Feature formulas and units
Feature documentation must make units, formula conventions, upstream dependencies, and exact output labels explicit. The phenotype page remains the authority for page-specific formulas; this page summarizes cross-cutting conventions.
- Modality
- All modalities
- Pipeline step
- Feature extraction and output documentation
- Outputs
- Documented formulas, units, column naming, and missingness rules
- Maturity
- Source-audited method page
Formula conventions
| Feature | Current convention | Unit |
|---|---|---|
| Stroke volume | EDV - ESV | mL |
| Ejection fraction | (EDV - ESV) / EDV * 100 | % |
| Cardiac output | stroke volume * heart rate * 1e-3 | L/min |
| Cardiac index | cardiac output / BSA | L/min/m^2 |
| Indexed volume or mass | raw value divided by BSA | mL/m^2 or g/m^2 |
| Aortic equivalent diameter | 2 * sqrt(area / pi) | mm |
| Aortic distensibility | (area_max - area_min) / (area_min * central pulse pressure) * 1e3 | 10^-3/mmHg |
| Regurgitant fraction | backward flow divided by forward flow | % |
| Native T1 correction | aggregate-fitted blood-pool correction | ms |
Unit rules
| Feature class | Typical unit | Notes |
|---|---|---|
| Volume | mL | Indexed variants should state denominator |
| Mass | g | Myocardial density convention belongs on myocardial pages |
| Ejection/emptying fraction | % | Derived from phase-specific volumes |
| Strain | % | Sign convention and backend must be documented |
| Strain rate | 1/s | Peak definitions are method-sensitive |
| Torsion/recoil | degree/cm and degree/cm/s | Length normalization should be stated |
| T1 | ms | Acquisition- and correction-specific interpretation |
| Flow | mL, mL/s, cm/s, cm^2 | Depends on phase-contrast conventions |
Column naming rule
Every documented output should preserve the pipeline column name. Units should remain visible in the field name when the CSV already contains units, for example LV: V_ED [mL], Native T1: Myocardium-Global [ms], or Aortic Flow: Regurgitant Fraction [%].

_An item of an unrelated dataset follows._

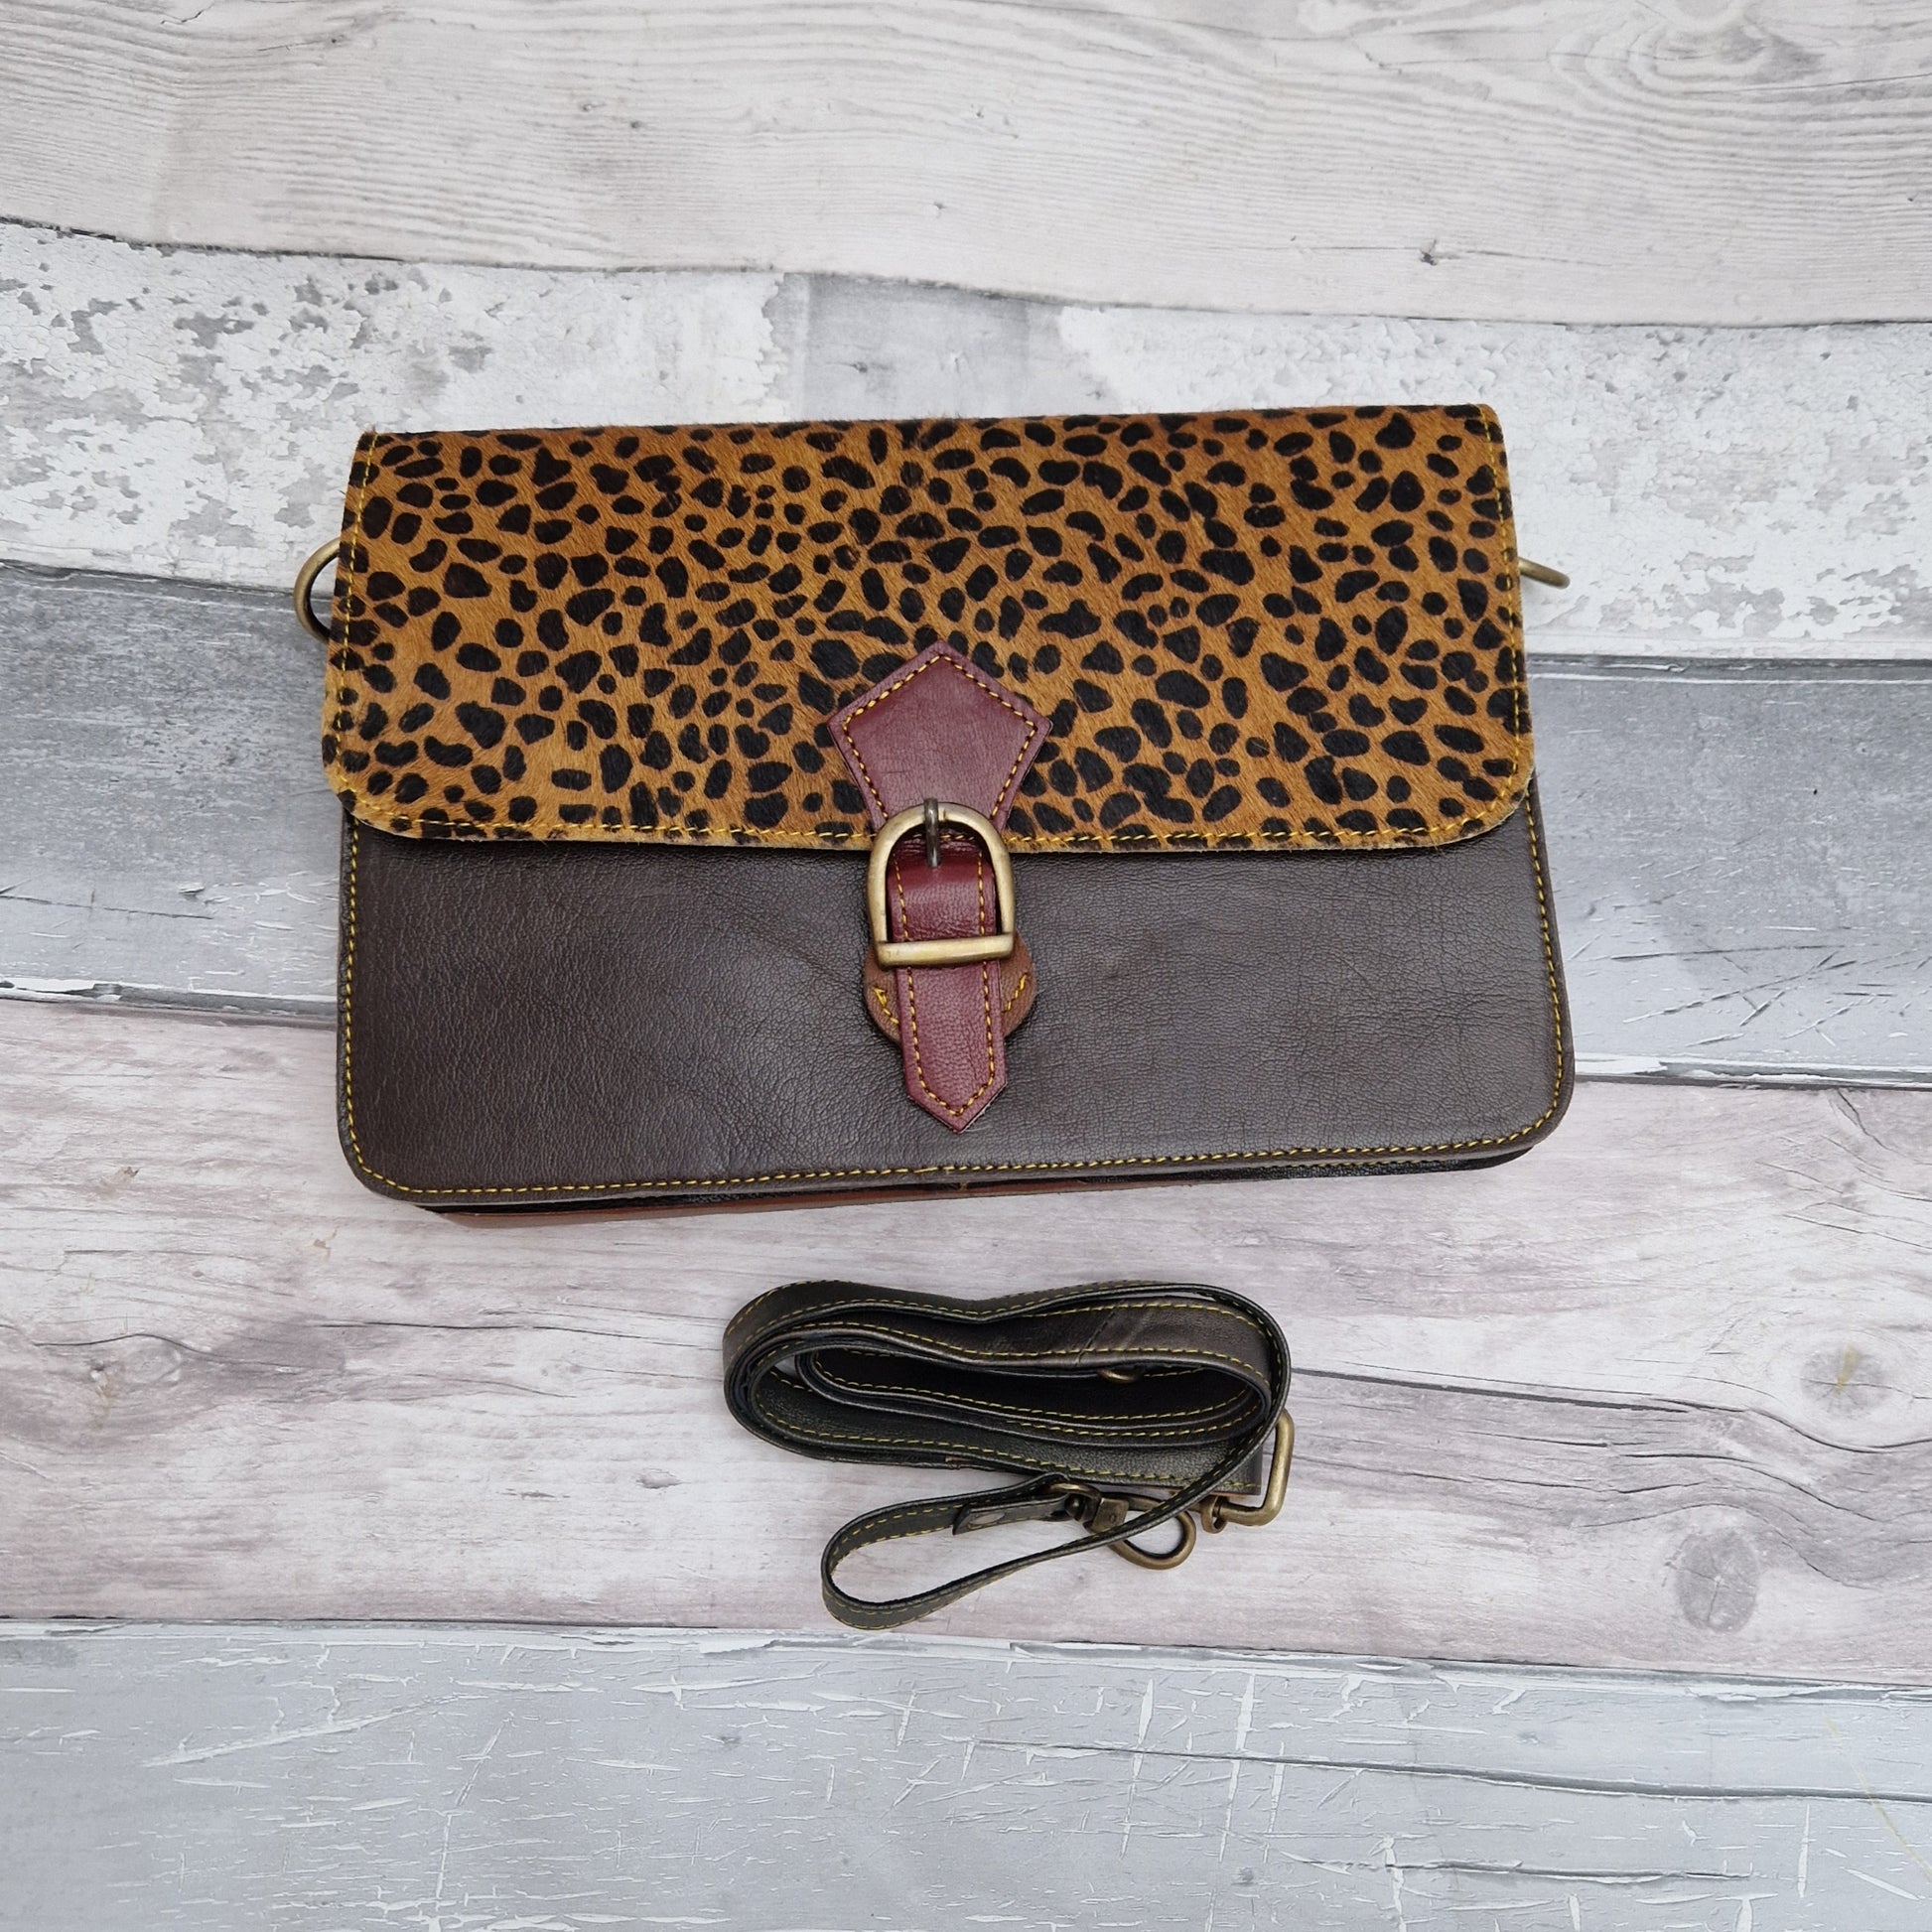 Dark Brown Leather handbag with a textured Cheetah print panel.

Legacy labels are contracts
Do not silently normalize legacy output strings. If a current CSV contains a typo or old naming convention, document it as schema debt and migrate with an explicit versioned plan.
Missing input behavior
Derived features can be conditional. BSA-indexed rows depend on BSA lookup, distensibility rows depend on pressure data, atrial-contribution rows depend on ECG-derived timing, and strain-rate rows depend on peak detection. Public pages should say when a row is conditional rather than implying universal availability.
Source audit
- Formula conventions were checked against current phenotype pages and implementation sources under
src/feature_extraction/**. - Output names and schema-debt conventions were checked against
docs/data/output_column_inventory.ymlanddocs/data/phenotype_dictionary.yml. - Textbook context boundary: broad clinical textbook context is not surfaced here because this page documents formula and schema conventions.